## ABOUT THIS TASK
What is needed is an exact copy of the lines in the entries below from the one holding "Educando a los" through the one holding "Ein Berber mit", pictures excluded.

## SOURCE RECORDS
§
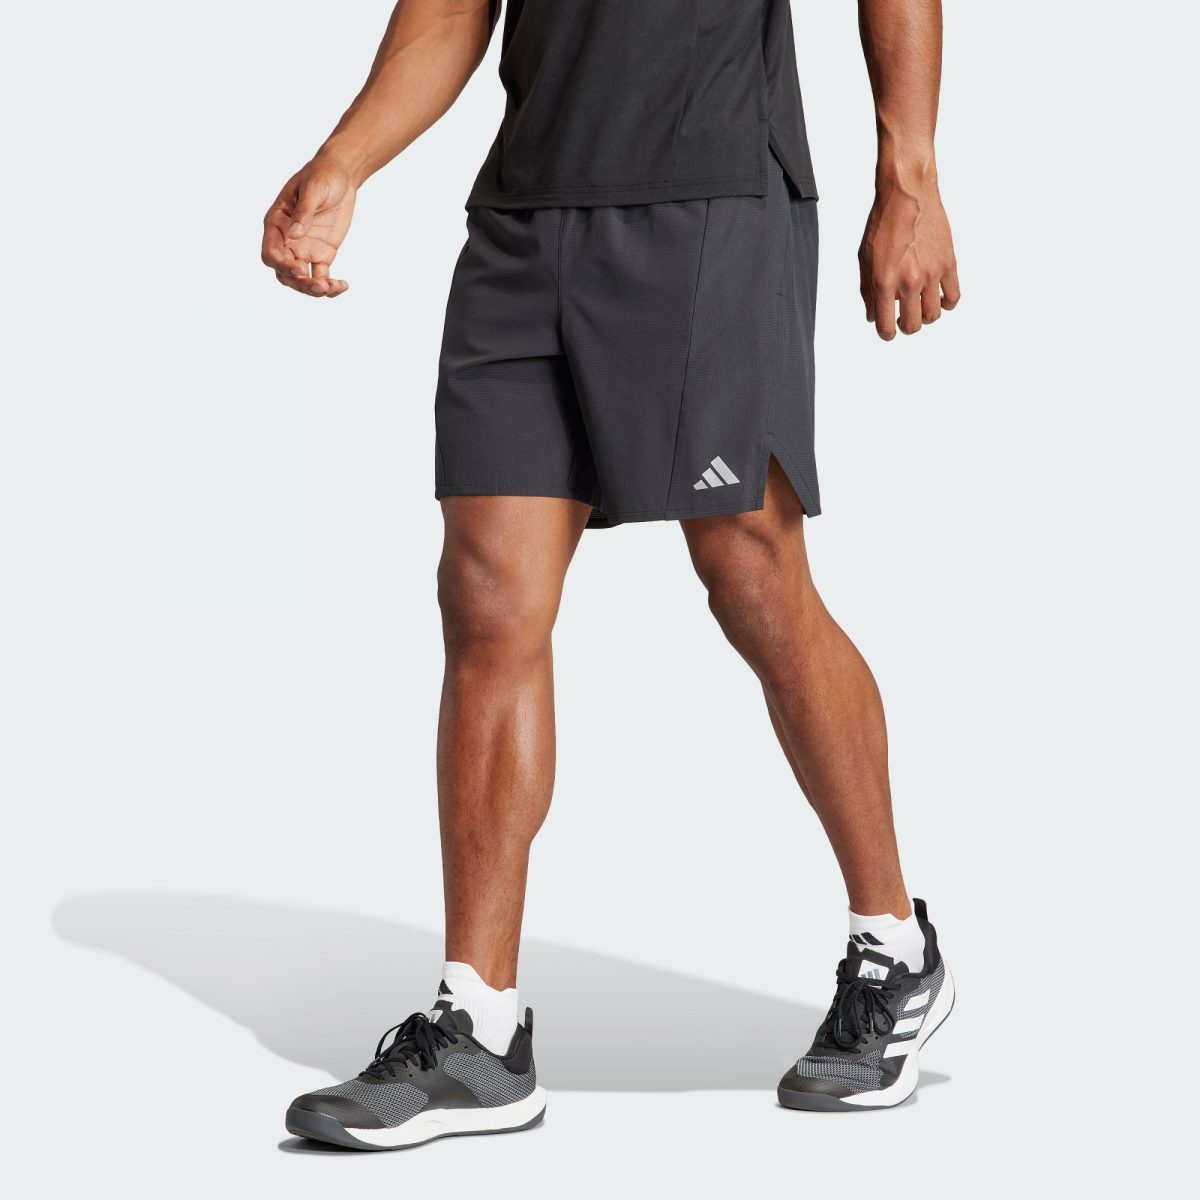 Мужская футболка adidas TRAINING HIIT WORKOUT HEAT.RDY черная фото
§
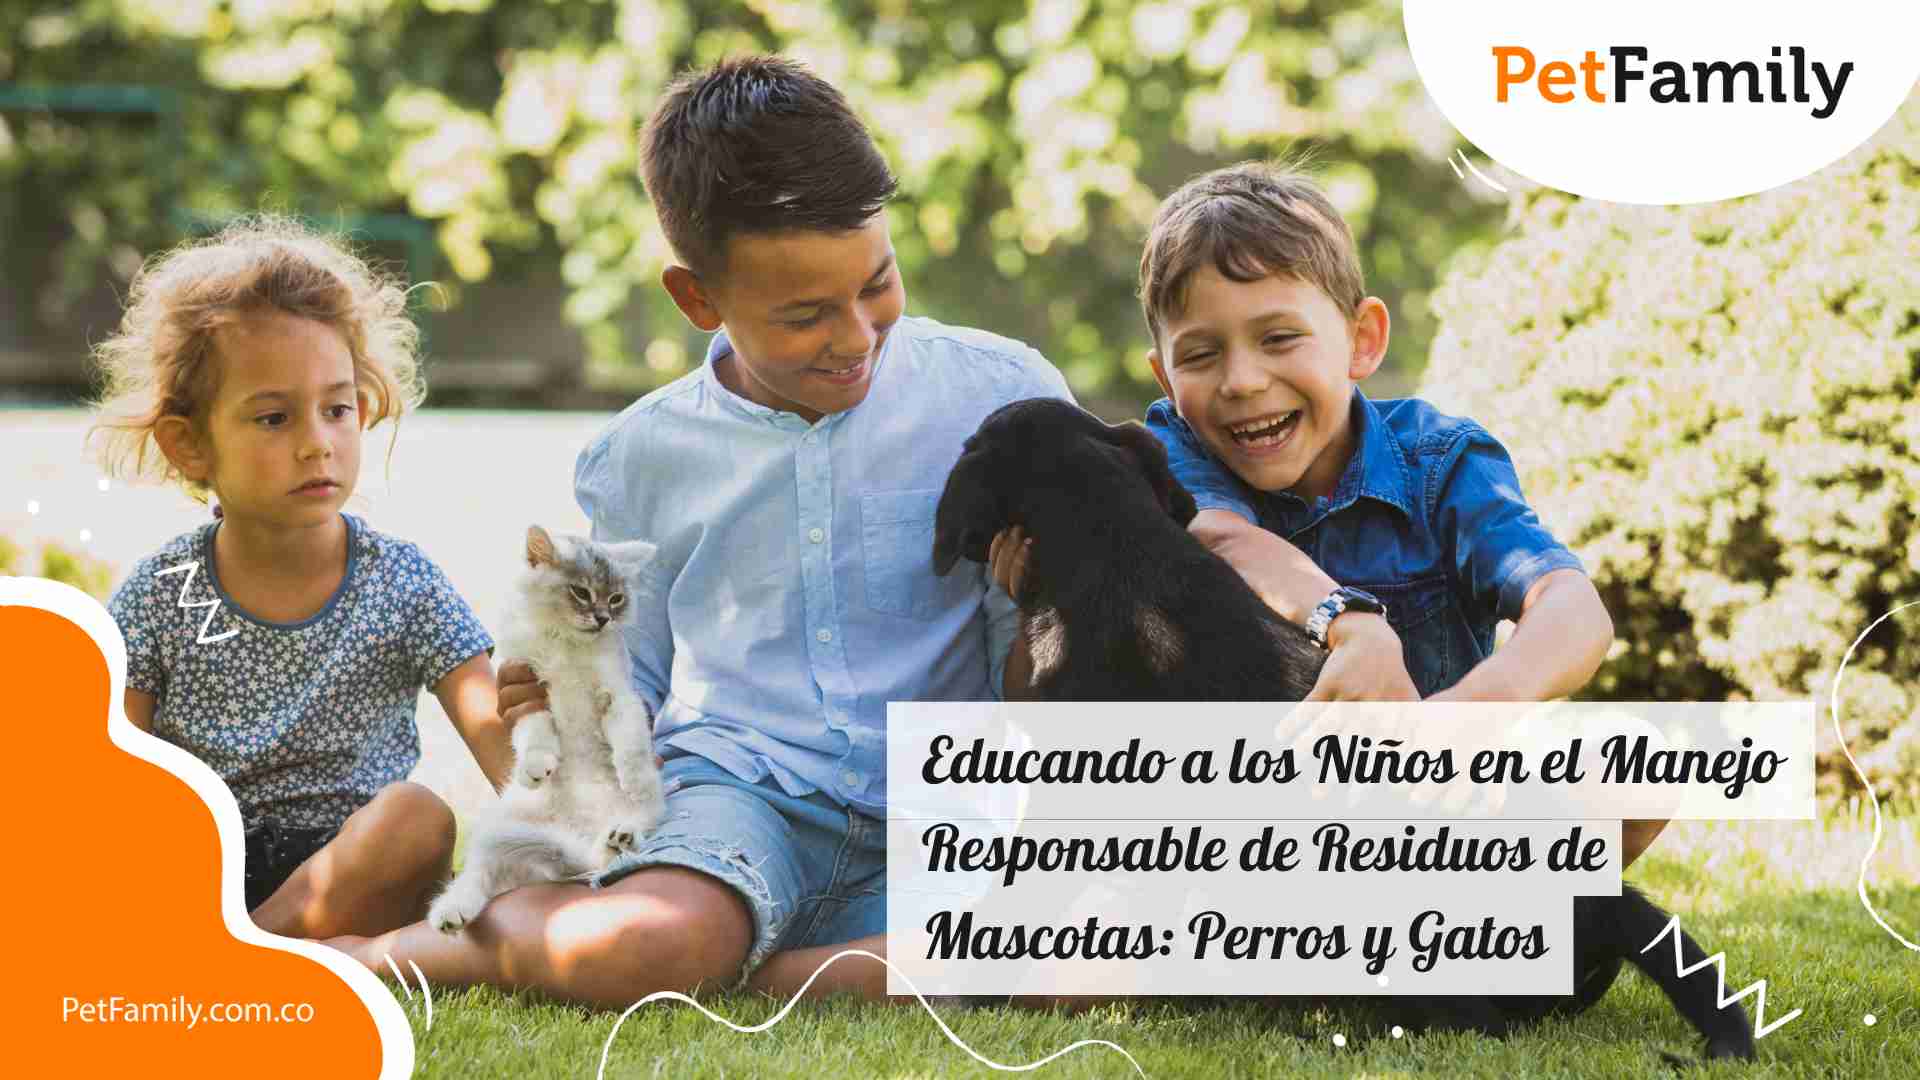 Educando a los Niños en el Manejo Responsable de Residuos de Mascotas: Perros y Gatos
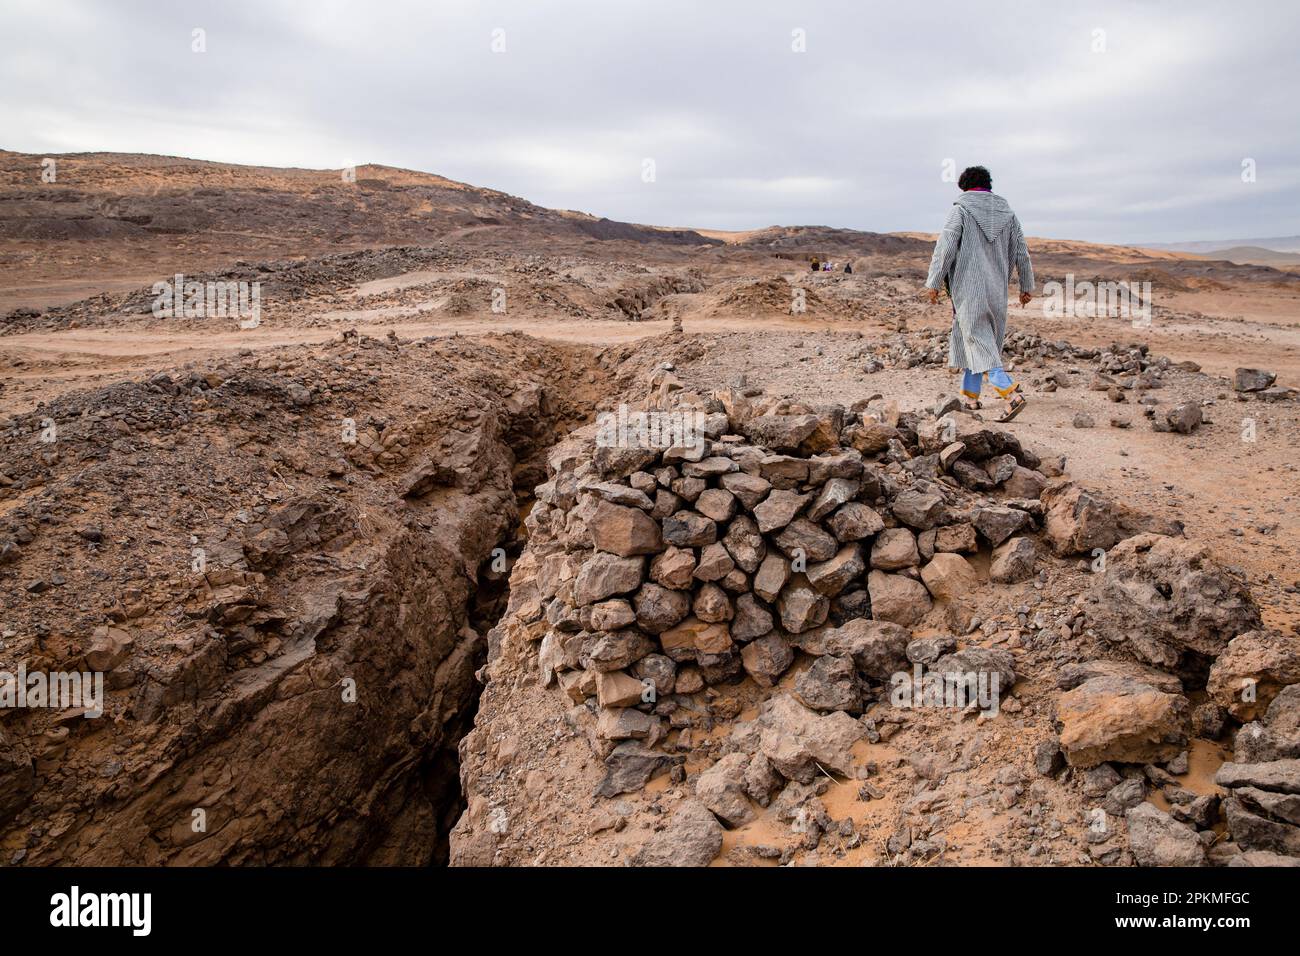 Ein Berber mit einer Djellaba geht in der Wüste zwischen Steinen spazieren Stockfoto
§
## TASK SOLUTION
 Educando a los Niños en el Manejo Responsable de Residuos de Mascotas: Perros y Gatos
 Ein Berber mit einer Djellaba geht in der Wüste zwischen Steinen spazieren Stockfoto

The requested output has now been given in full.